先按照分类任务去做看看，将事故数据0,1,2,3次分别分作四类，建立分类器，看看分类出来的“预测”效果咋样。暂时先不做k-fold交叉验证只在测试集上看分类效果。

  
from sklearn.model_selection import cross_val_score
from sklearn.linear_model.stochastic_gradient import SGDClassifier

import warnings
import sklearn.exceptions
warnings.filterwarnings("ignore", category=sklearn.exceptions.UndefinedMetricWarning)

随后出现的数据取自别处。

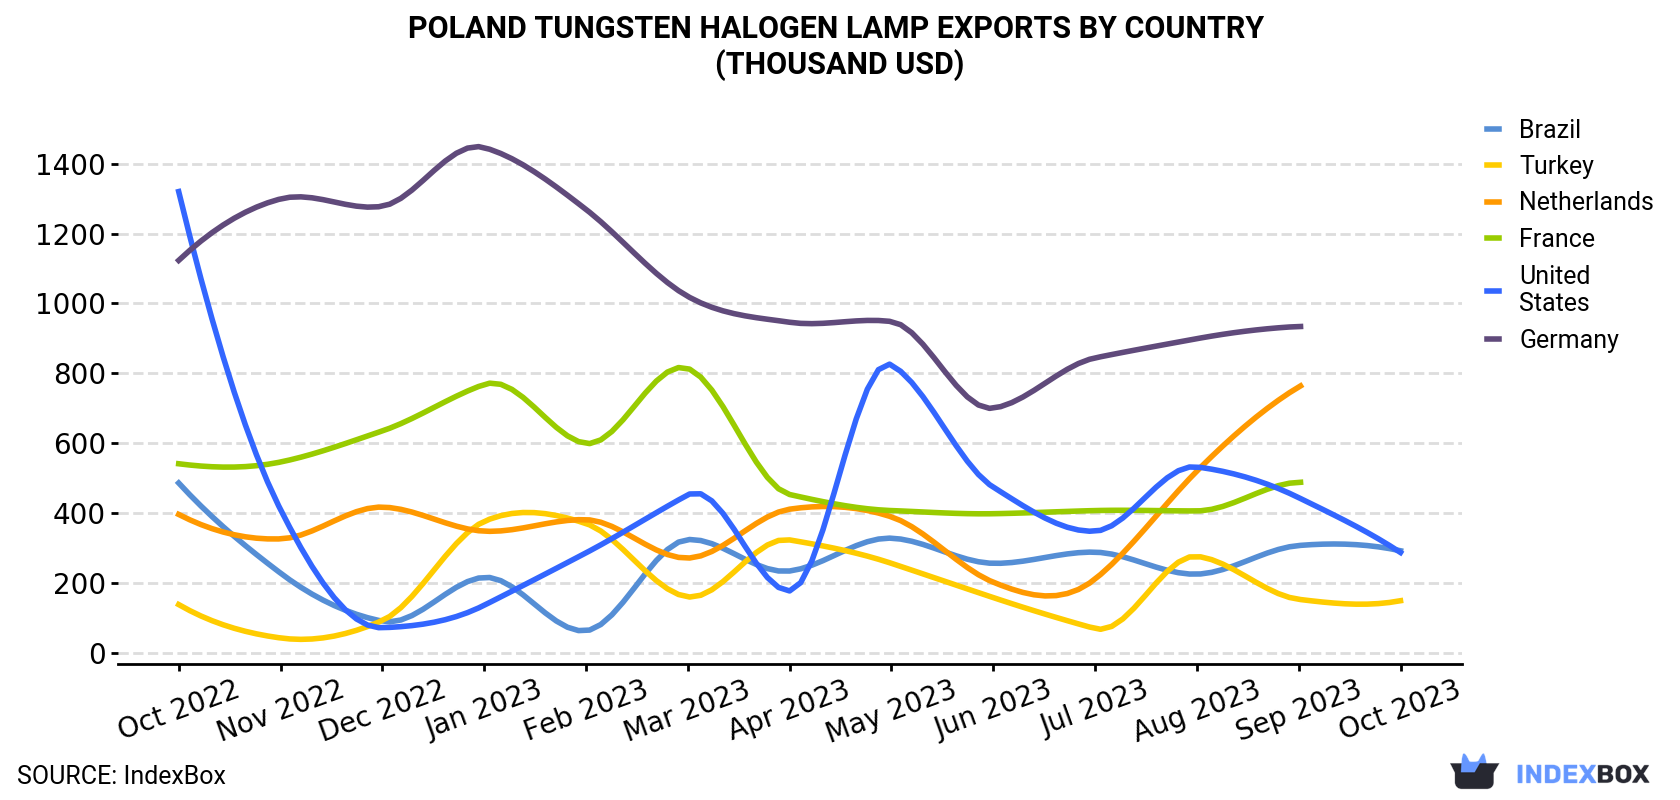 Poland Tungsten Halogen Lamp Exports By Country (Thousand USD)

def cv_scores(model, dataset, labels):
    recall_score = cross_val_score(model, dataset, labels, scoring='recall_weighted',cv=8)
    print(recall_score)
    
    precision_score = cross_val_score(model, dataset, labels, scoring='precision_weighted',cv=8)
    print(precision_score)
    

clf_linear = SGDClassifier(max_iter=100)
#print(len(acc_prepared), len(acc_labels))
#clf_linear.fit(acc_prepared, acc_labels)
cv_scores(clf_linear, acc_prepared, acc_labels)

查看线性分类器的准确率和召回率

[0.92433911 0.92433911 0.9247606  0.92557078 0.92557078 0.92557078
 0.92557078 0.92557078]

[0.86751744 0.85440278 0.85518217 0.85668126 0.85668126 0.85668126
 0.85668126 0.        ]

Random Forest

  
from sklearn.ensemble import RandomForestClassifier

clf_rf = RandomForestClassifier(max_depth=4, random_state=0)
#clf_rf.fit(acc_prepared, acc_labels)
cv_scores(clf_rf, acc_prepared, acc_labels)

相比之下随机林的准确率和召回率看起来高多了

[0.92433911 0.92433911 0.9247606  0.92557078 0.92557078 0.92420091
 0.92557078 0.44383562]

[0.85440278 0.85440278 0.85518217 0.85668126 0.85668126 0.85658676
 0.85668126 0.82889293]

回归模型

用（T_min, T_max)去预测T_max+1时间的输出。

Linear Reggression

先写分数评估函数

  
from sklearn.metrics import precision_score
from sklearn.metrics import recall_score
from sklearn.metrics import f1_score
from sklearn.metrics import fbeta_score

def acc_predict(model, dataset, labels):
    label_values = labels.values
    predict = model.predict(dataset)
    predict_num = np.array([int(x) for x in predict])
    print( "precision:", precision_score(label_values, predict_num, average='weighted') )
    print( "recall:", recall_score(label_values, predict_num, average='weighted') )
    print( "f1:", f1_score(label_values, predict_num, average='weighted') )
    print( "fbeta 0.5:", fbeta_score(label_values, predict_num, beta=0.5, average='weighted') )
    print( "fbeta 1.0:", fbeta_score(label_values, predict_num, beta=1, average='weighted') )
    #在预测数据中存在实际类别没有的标签时报UndefinedMetricWarning

因为要使用（T_min, T_max)去预测T_max+1时间的输出所以需要队训练数据“掐头去尾”。

  
from sklearn.linear_model import LinearRegression

acc_prepared_rows = acc_prepared.shape[0]
acc_prepared = acc_prepared[:acc_prepared_rows-1,]
print(acc_prepared.shape)

acc_labels = acc_labels[1:]
print(acc_labels.shape)

data_len = acc_prepared.shape[0]
train_idx = int(data_len/2)
print(train_idx)
linear_reg = LinearRegression()
linear_reg.fit(acc_prepared[:train_idx,], acc_labels[:train_idx,])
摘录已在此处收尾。